Statistics (final publication)
- Publication venue: Science, Vol. 362, No. 6412 (Oct 2018)
- Publication type: Journal Article
- Subfield (best guess): Quantum computing
- Overall abstract length: 5 sentences, 126 words
- Introduction section: 2 sentences (40% of sentence count), 38 words (30.2% of word count)
- Objectives section: 0.5 sentences (10% of sentence count), 20 words (15.9% of word count)
- Materials and Methods section: 0.5 sentences (10% of sentence count), 6 words (4.8% of word count)
- Results section: 1 (0.5 + 0.5) sentence (20% of sentence count), 32 words (25.4% of word count)
- Conclusion and Significance section: 1 sentence (20% of sentence count), 30 words (23.8% of word count)

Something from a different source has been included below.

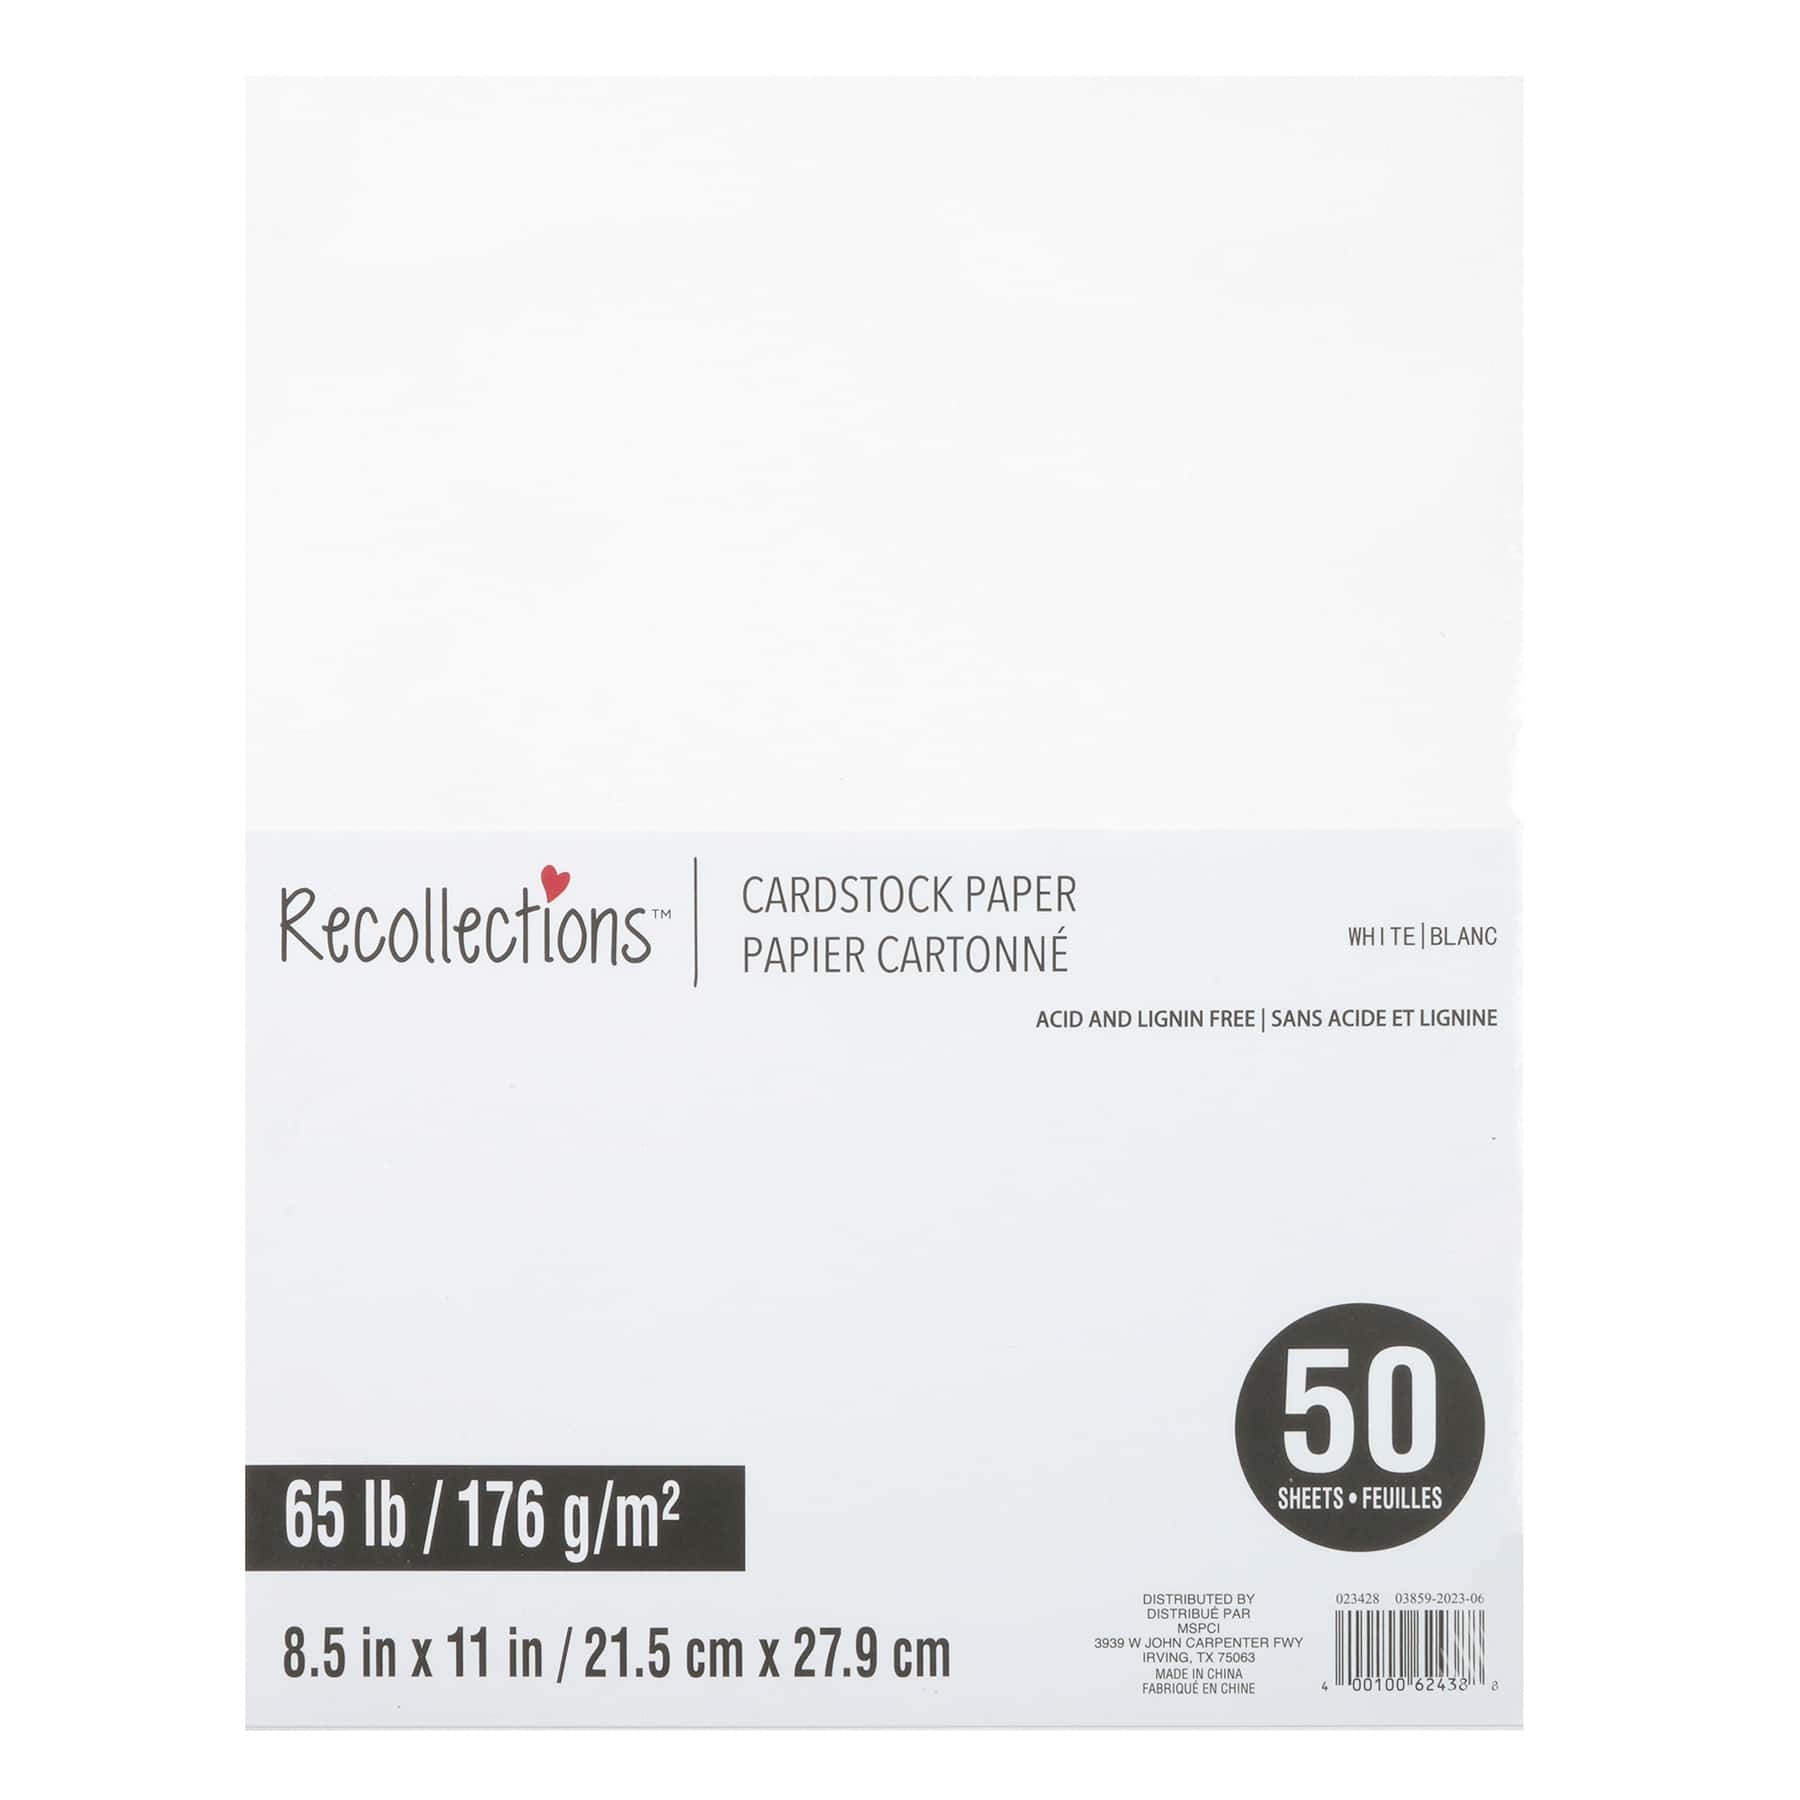 White Card Stock - Size 18 X 12 - 100 Lb Cover - 270 g/m Cover

Thoughts (on differences and similarities between the versions)
This format of highlighting works really poorly for math, wow. It strikes me as much more appropriate for experimental sciences, since I’m not entirely sure what the “method” part is supposed to be. Calling what I highlighted in the final abstract part of the “materials and methods” is very much a stretch – it’s a math paper, of course they wrote a proof. This is literally the equivalent of an experimental scientist telling you that they did an experiment with no other details.
The final abstract is about the same length as the preprint abstract (are abstracts generally just shorter in math?), but a lot more balanced in terms of section types included, at the cost of the loss of details and specificity. For example, the preprint abstract gives a lot more details about how the proof was done and what the results actually were. The final abstract gives no details but does spend a lot more time contextualizing the result, which the preprint doesn’t do. The final paper was published In Science though, which isn’t a specialized journal, so maybe that’s why the final abstract gives so few technical details.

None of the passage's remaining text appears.